Your reply should set down word for word each line below from the one with "Life in Azerbaijan’s" through the final line, both included, but none of the pictures.

Data excerpt –
......
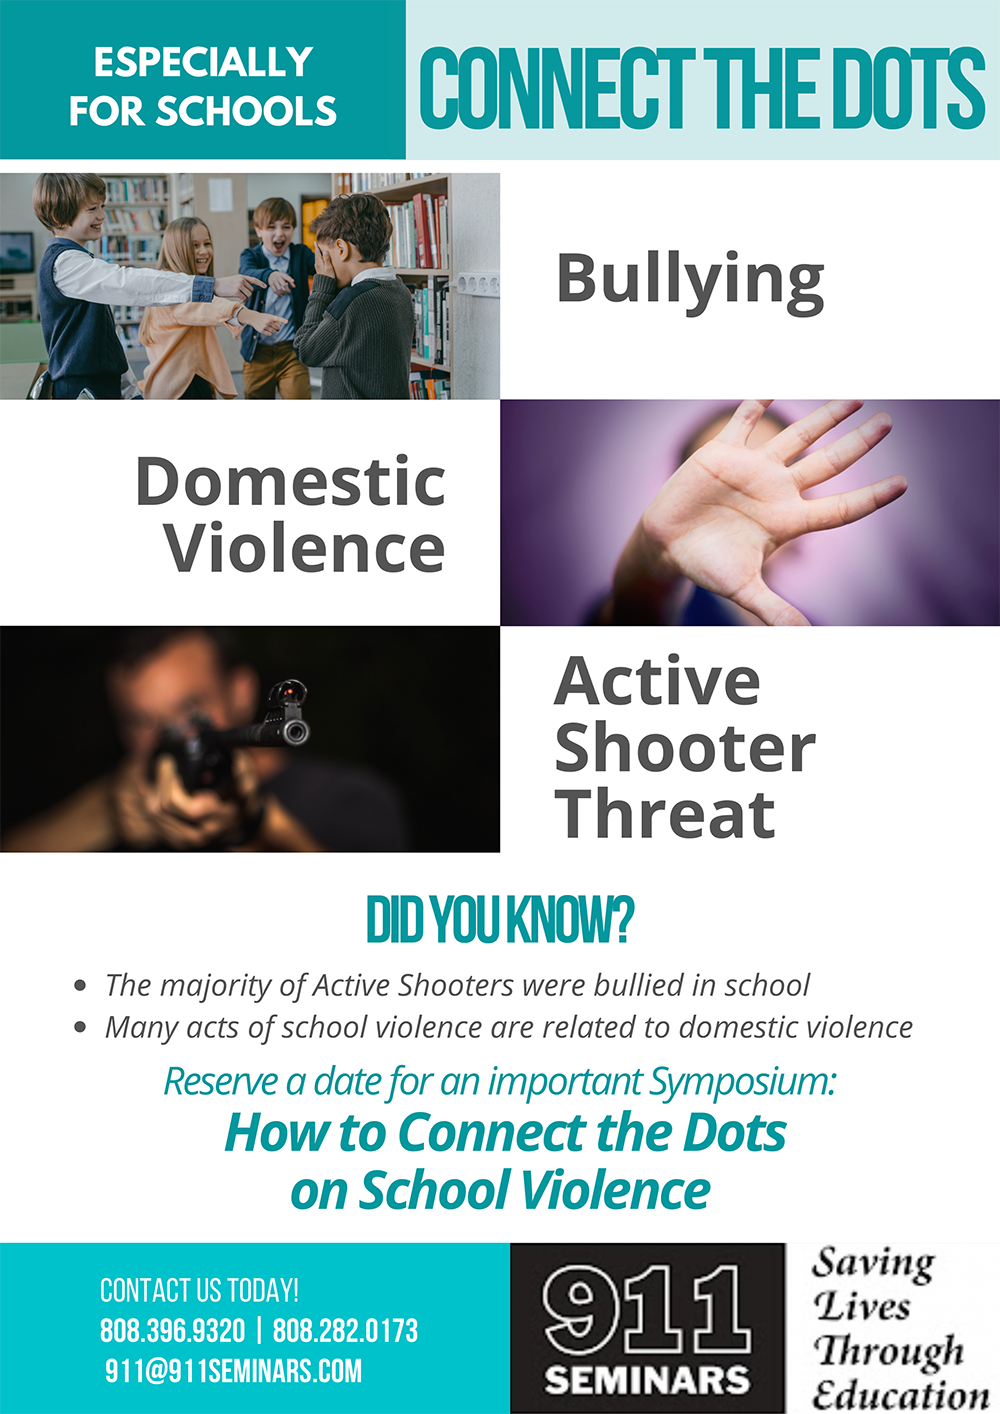 How to Connect the Dots on School Violence
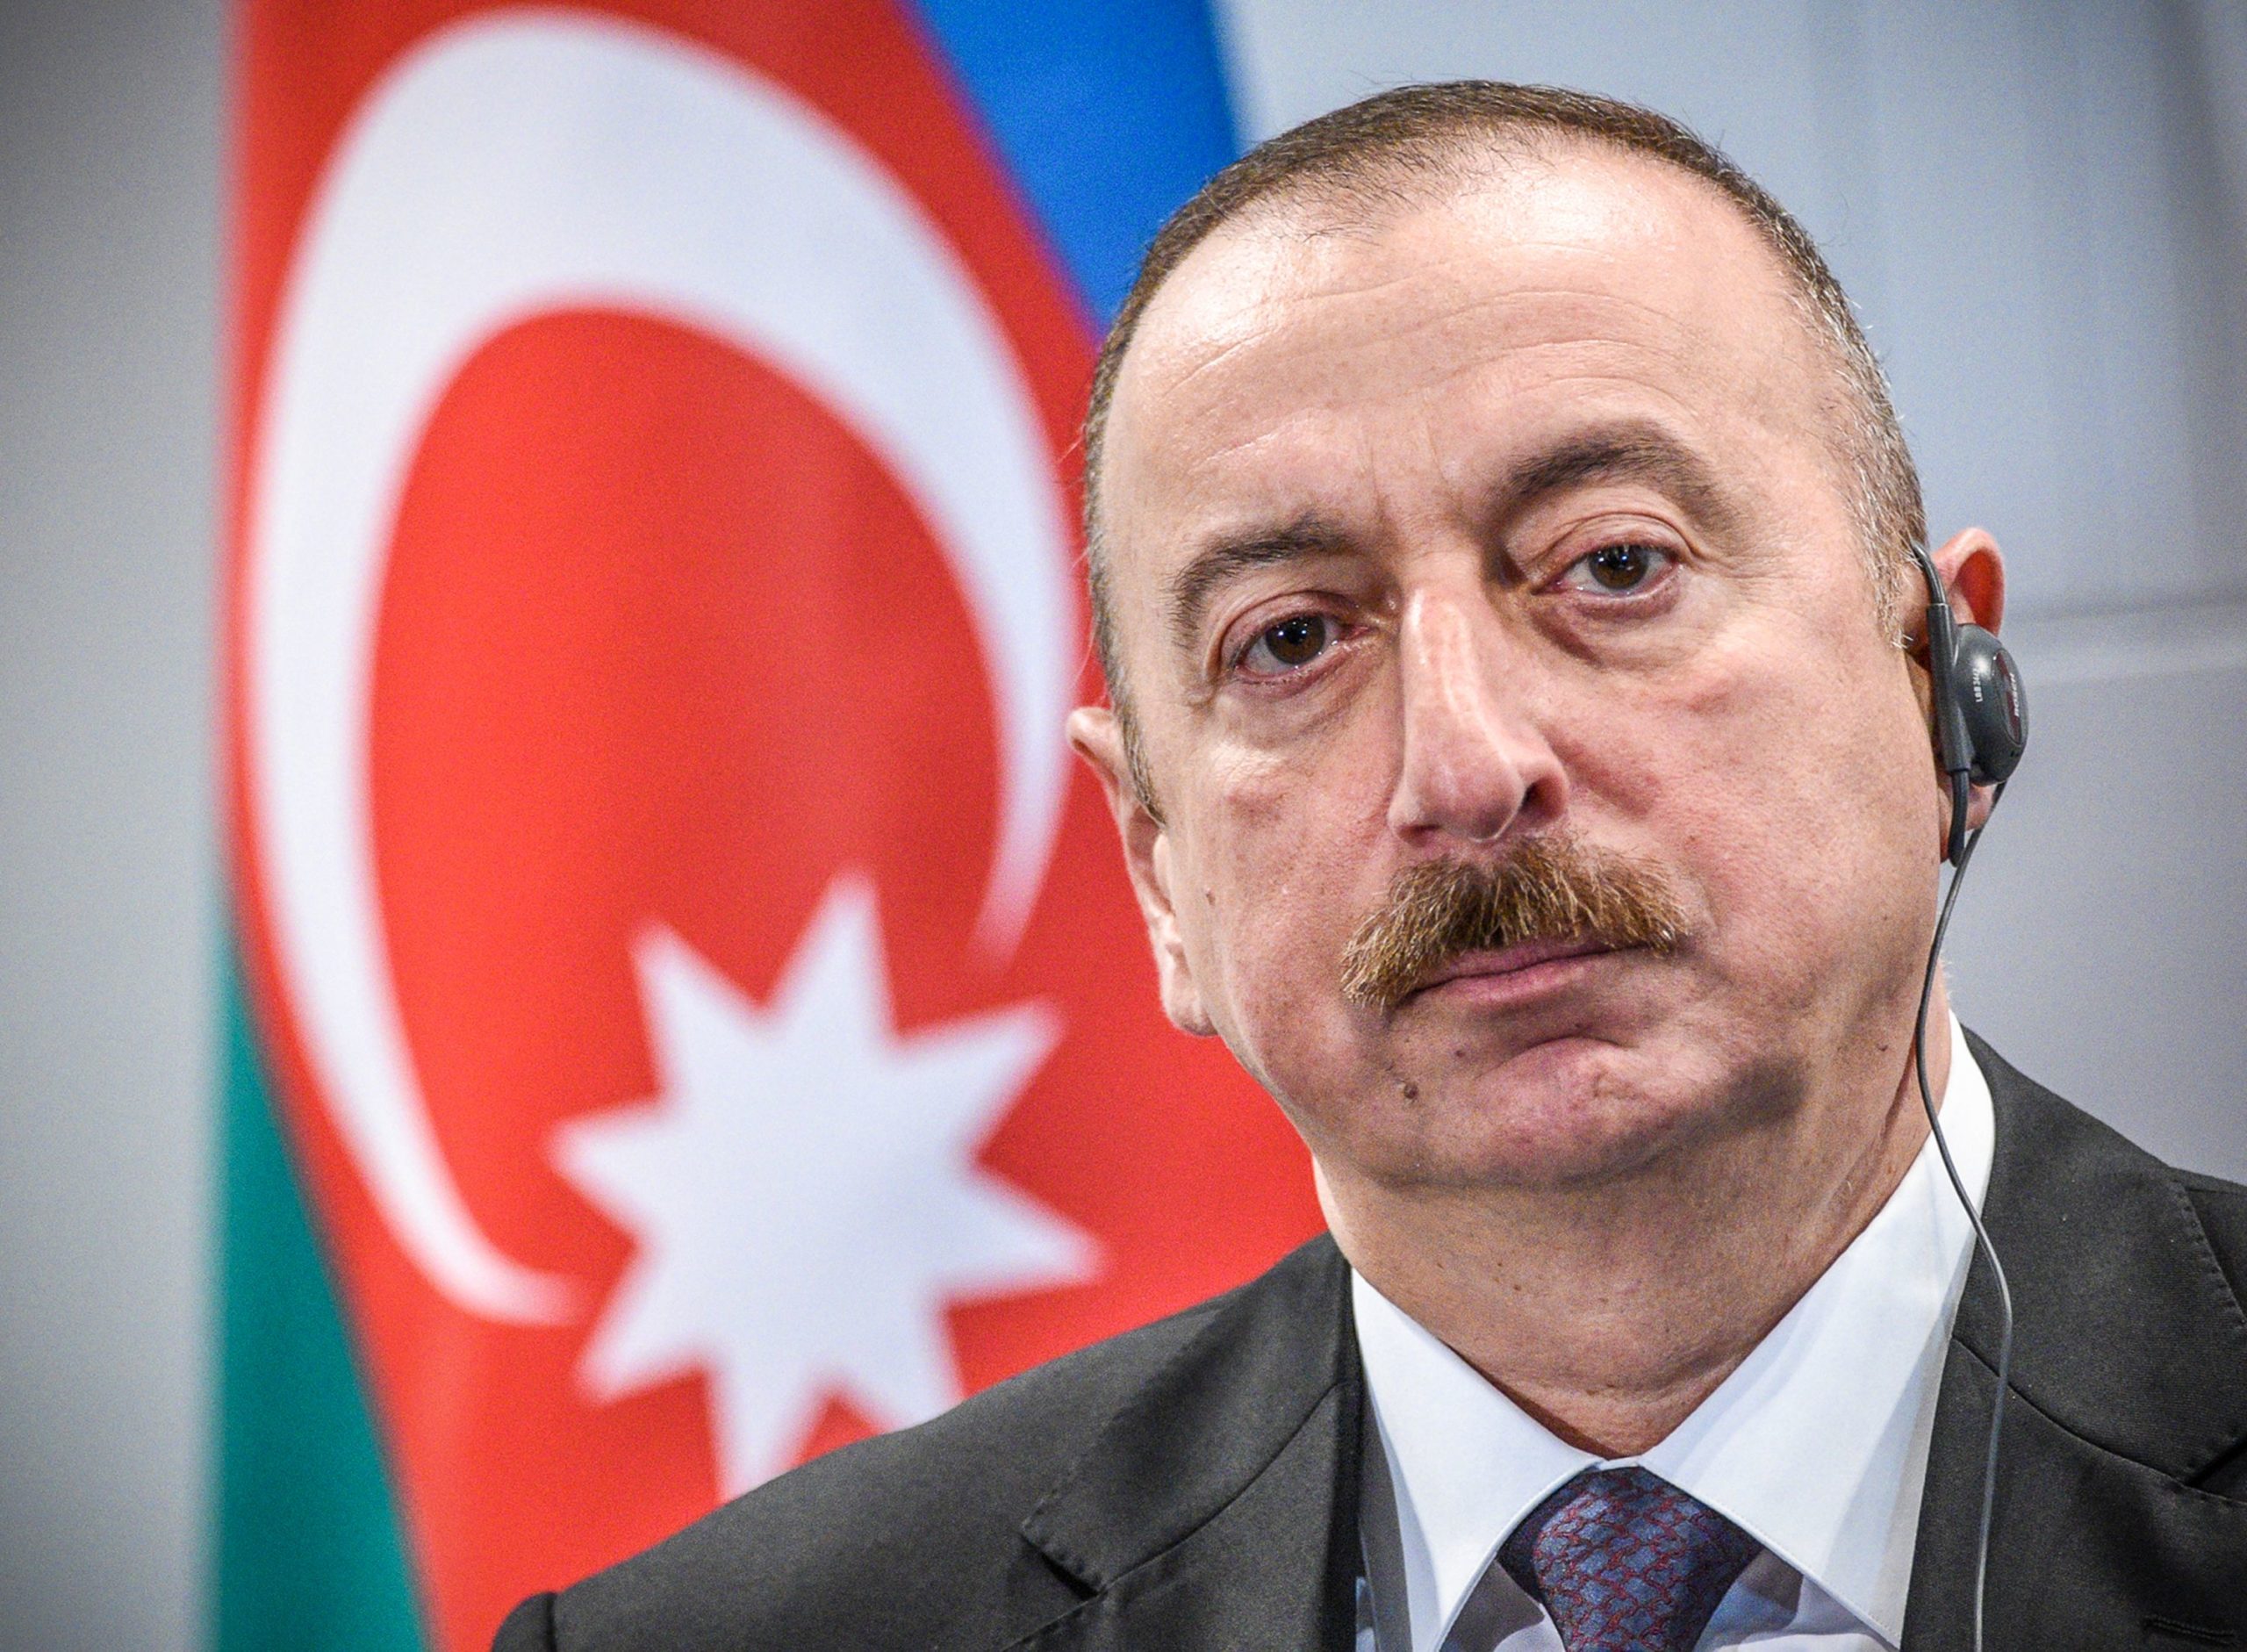 Life in Azerbaijan’s Digital Autocracy: ‘They Want to be in Control of Everything’ 1
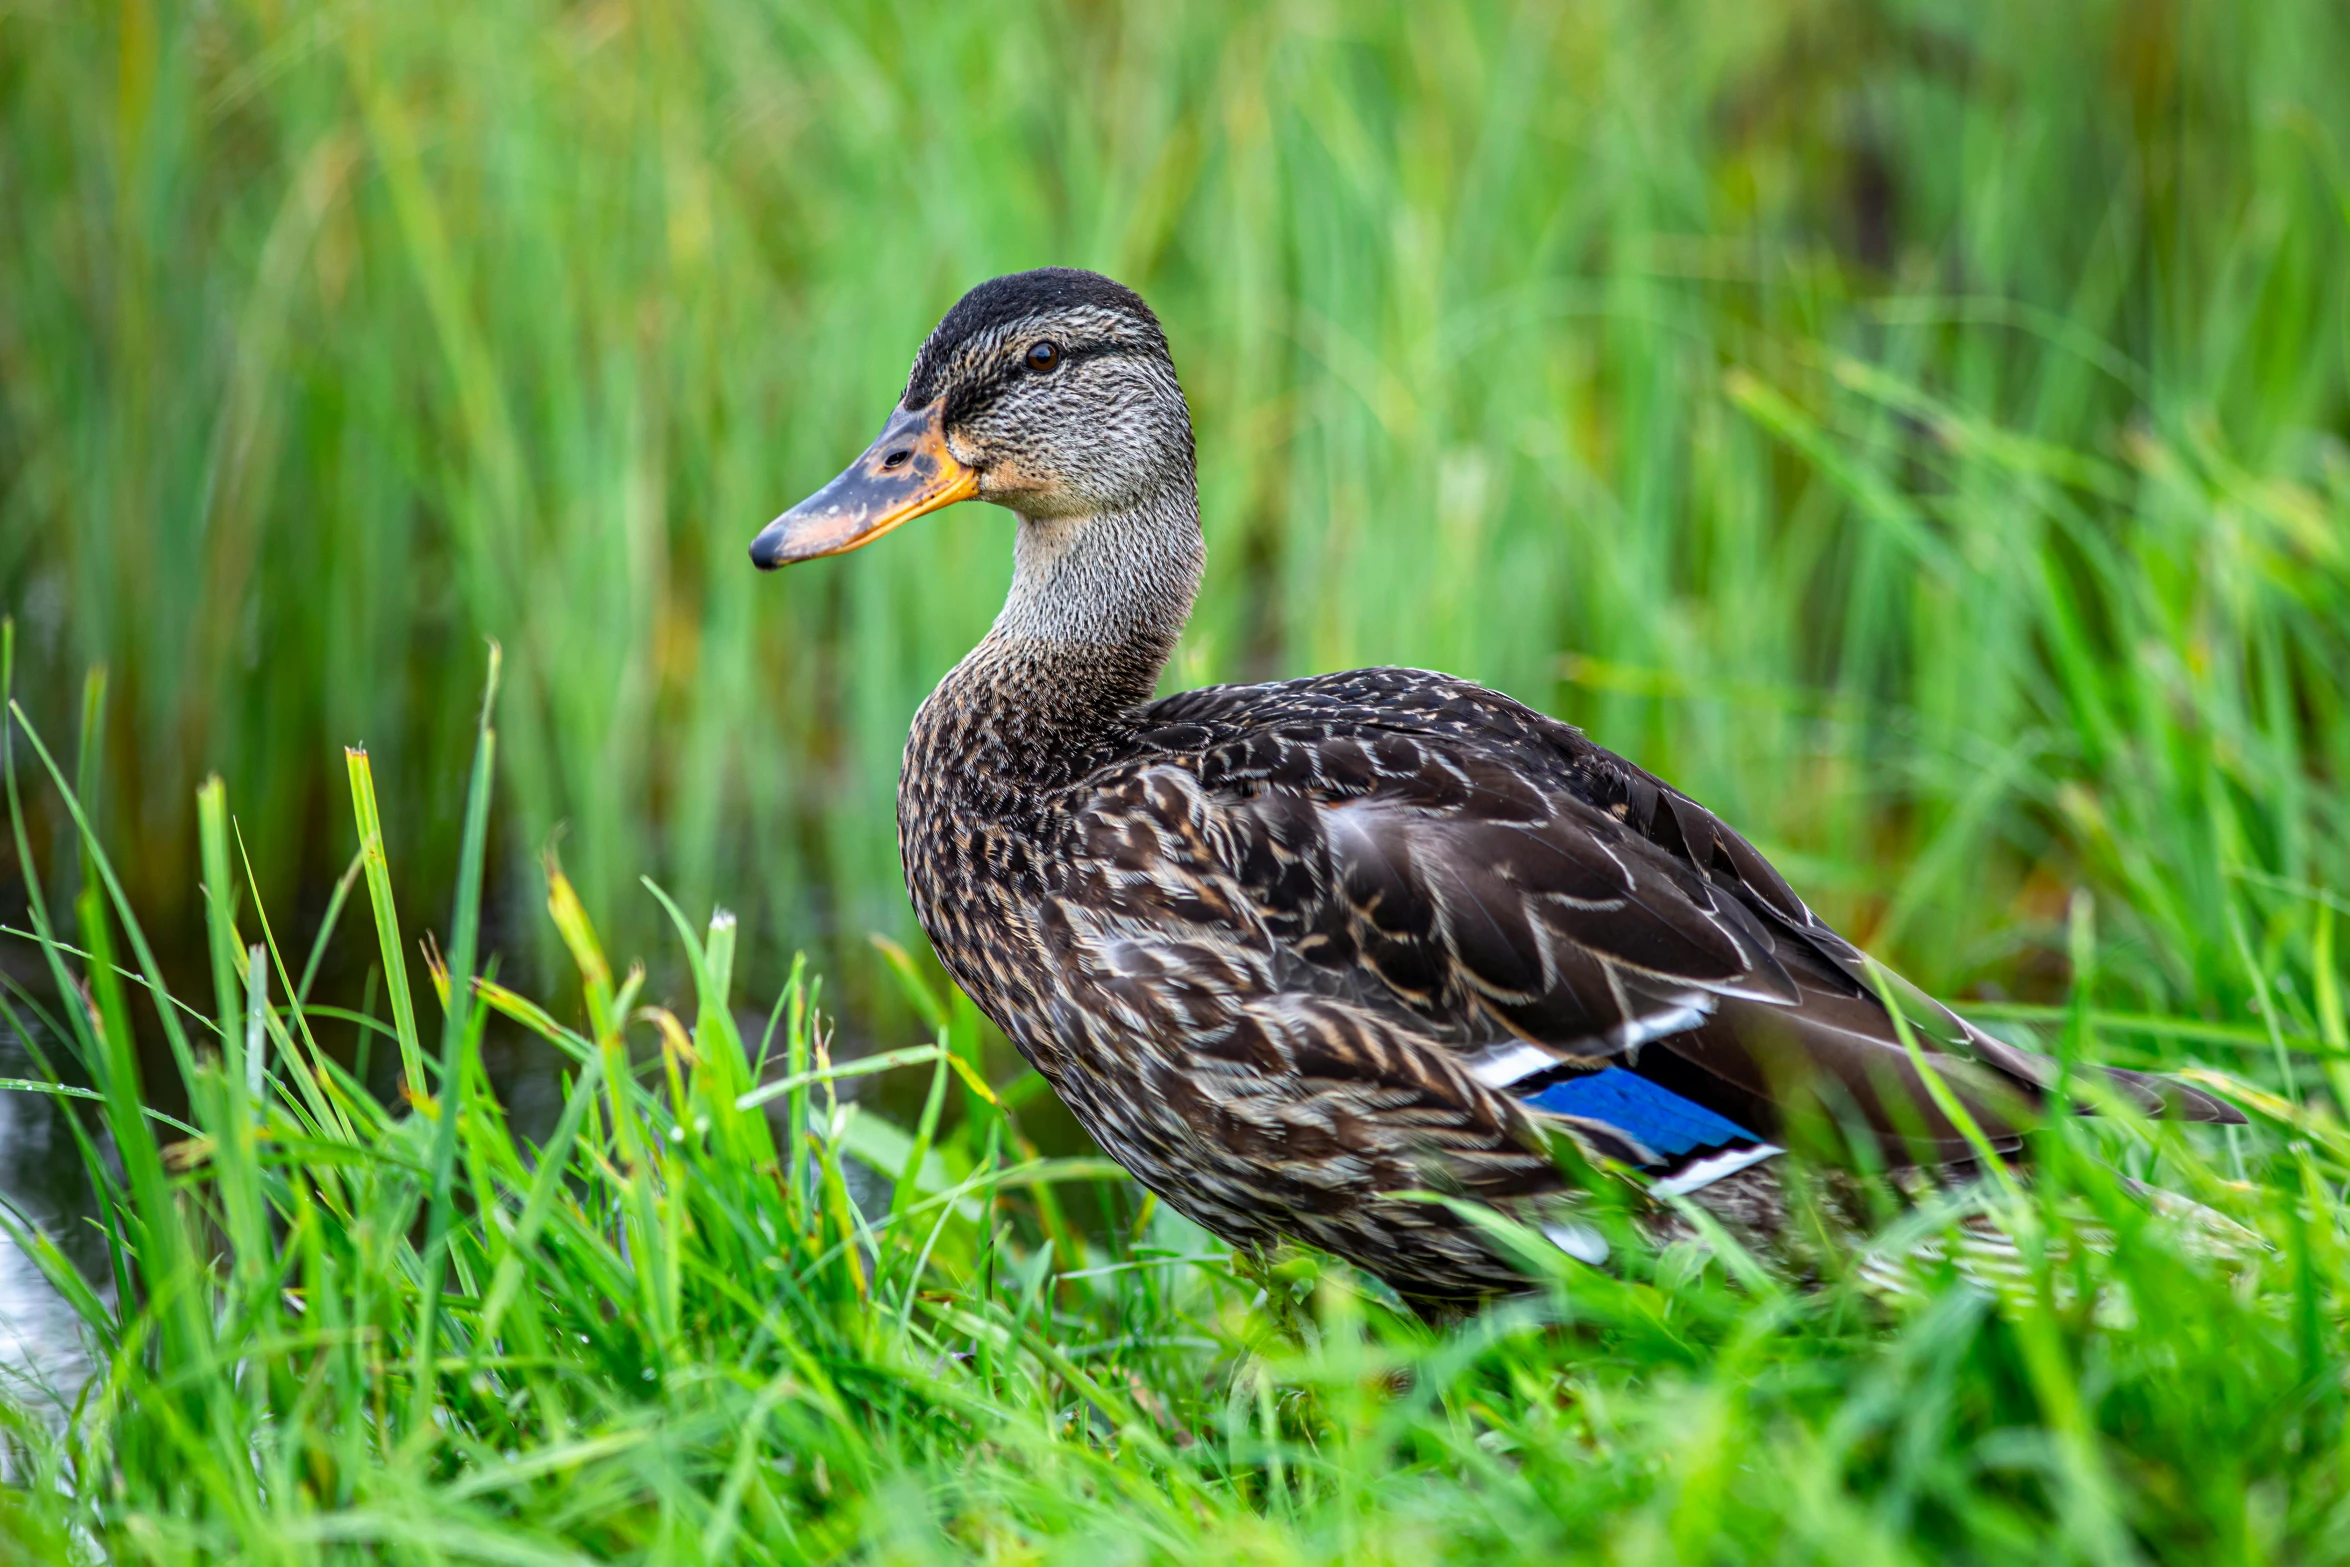 a duck in a grassy area with its head resting on soing
......
Result for this exercise –
 Life in Azerbaijan’s Digital Autocracy: ‘They Want to be in Control of Everything’ 1
 a duck in a grassy area with its head resting on soing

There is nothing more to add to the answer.